Ms. Fowle said when she talked to Laurel Carlson of the DEP about a week ago, Ms. Carlson, who was in Falmouth, didn’t know when she would be starting the study in Fairhaven.
Meanwhile, Selectman Robert Espindola received a “yes-no” sounding opinion from special counsel Kopelman & Paige on whether he would be violating state ethics rules if he voted on turbine-related issues or expressed opinions on them.
It was kind of boiler plate. Attorney Lauren Goldberg said Mr. Espindola did not seem to have a financial interest in the turbines and thus would not be violating state ethics rules. But she said he still might want to recuse himself under certain scenarios and should file a disclosure because of his previous involvement with the lawsuit.
The opinion was sent to the state Ethics Commission and Mr. Espindola is waiting for word back before weighing in on the turbines at board meetings.
The dilemma stems from his involvement in the lawsuit against the turbines up until just before April’s town election. Mr. Espindola lives 1,850 feet from them. If he can’t vote, however, that leaves the board with two members who could split their votes.
Meanwhile, the turbines spin. Just driving around Route 6 and Sconticut Neck Road, a driver in a quiet car like mine doesn’t hear any noise. There is a whish sound when you are on the bike path near them.
Bikers and runners watched them spin one day and expressed general support. A large number of residents who live near them, however, have complained about the noise and other issues.
The election should have given town officials a strong message about approaching such projects with more public debate in the future.
Mr. Espindola was elected by a wide margin — about 400 votes — over his nearest challenger. Voters knew he was involved in Windwise, although many said they voted for him not because of his opposition, but because they knew him personally and respected his integrity.
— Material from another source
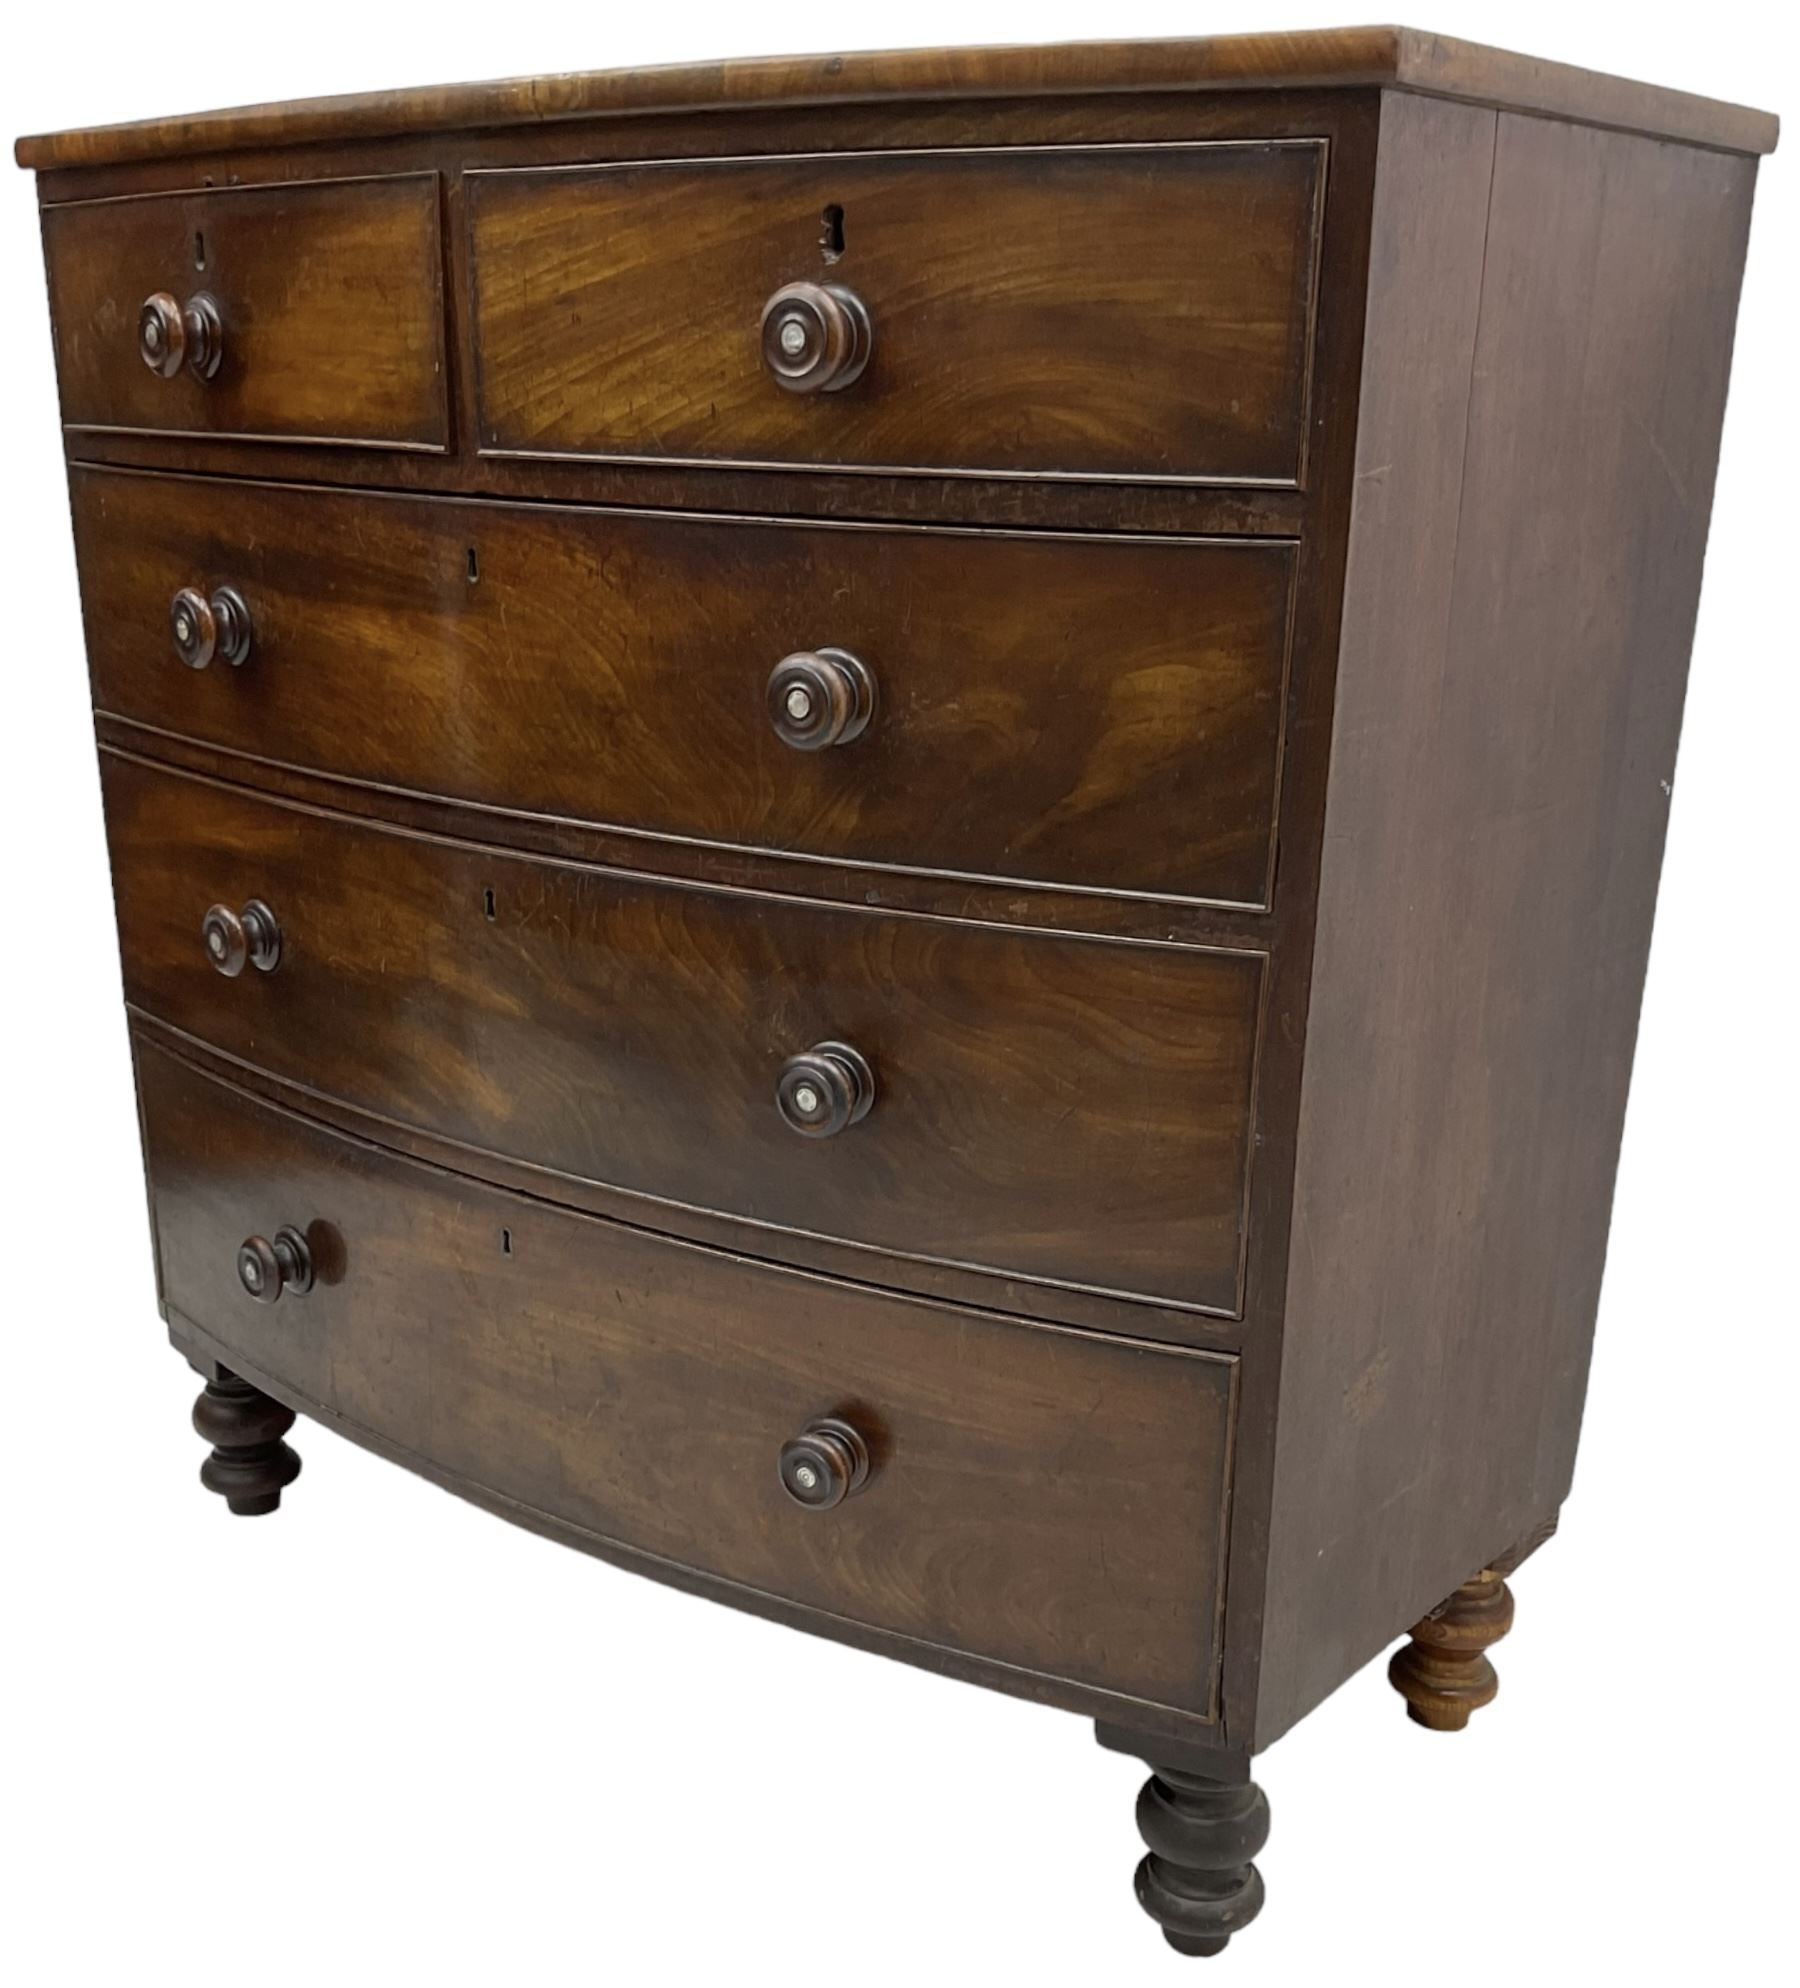 Victorian mahogany bow-front chest - Image 6 of 7

Fairhaven voters sent a message in April that they want more openness in town government. Mr. Espindola has already made a contribution by pushing for more openness at selectmen’s meetings. Recently, he forced a discussion with Blue Sky Power on the landfill solar project to be held in open session.
Dr. Barbara Acksen, who also has been involved with Windwise, was also elected, as was a Windwise candidate for School Committee. Ms. Acksen has added her scientific expertise — much needed — to the Board of Health. And Mr. Espindola has asked thoughtful questions about the solar project on the landfill.
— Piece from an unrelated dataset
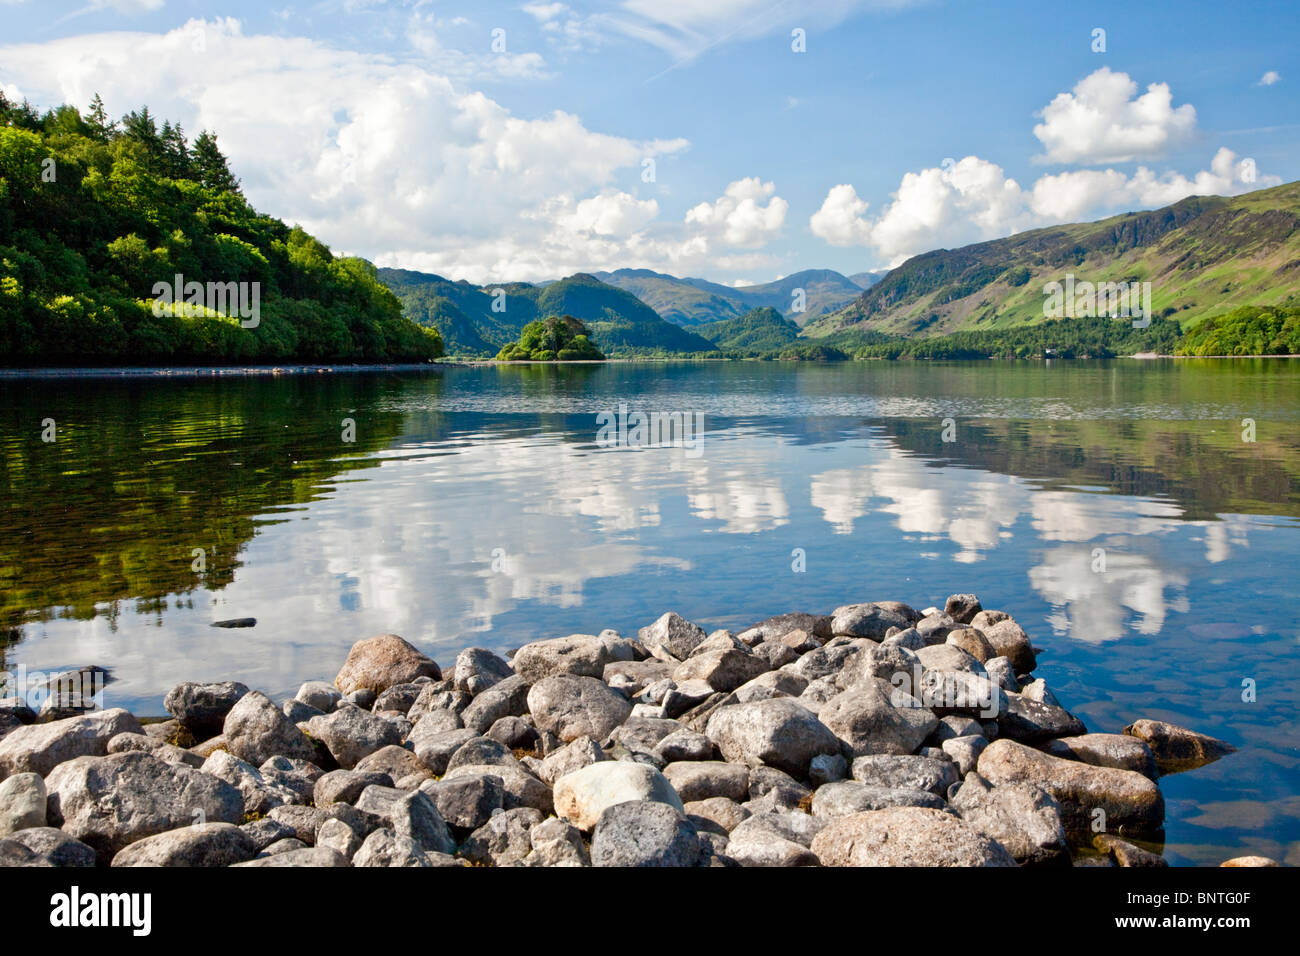 Derwent Water in the Lake District National Park, Cumbria, England, UK Stock Photo

Democracy should be an open process with town officials seeking a wide spectrum of expertise. Too much that affects voters is done in executive session. And too often town officials seem to think they know best.
Sumul Shah of Fairhaven Wind LLC has never returned a phone call from The Advocate about the wind turbines. Now he reportedly won’t do a mitigation proposal until he gets the results of a noise study from the state. According the The Standard-Times, he is criticizing the people who have filed complaints, saying many of them are involved in the lawsuit.
Ms. Fowle said the Board of Health has received more complaints since the 130 tallied a few weeks ago and hopes to tally them later this week.
Some of the complaints come from residents involved in the lawsuit and some may have filed multiple complaints. But the complaints and the radius their properties make around the turbines need to be carefully studied, not discounted.
The state Legislature is considering whether to impose greater setbacks from residences and the town’s Planning Board will be, too.
At some point, there will doubtless be a mitigation plan and perhaps the turbines will be shut down at night.
It’s unfortunate, though, that it is taking so much time for residents to get any clear answers.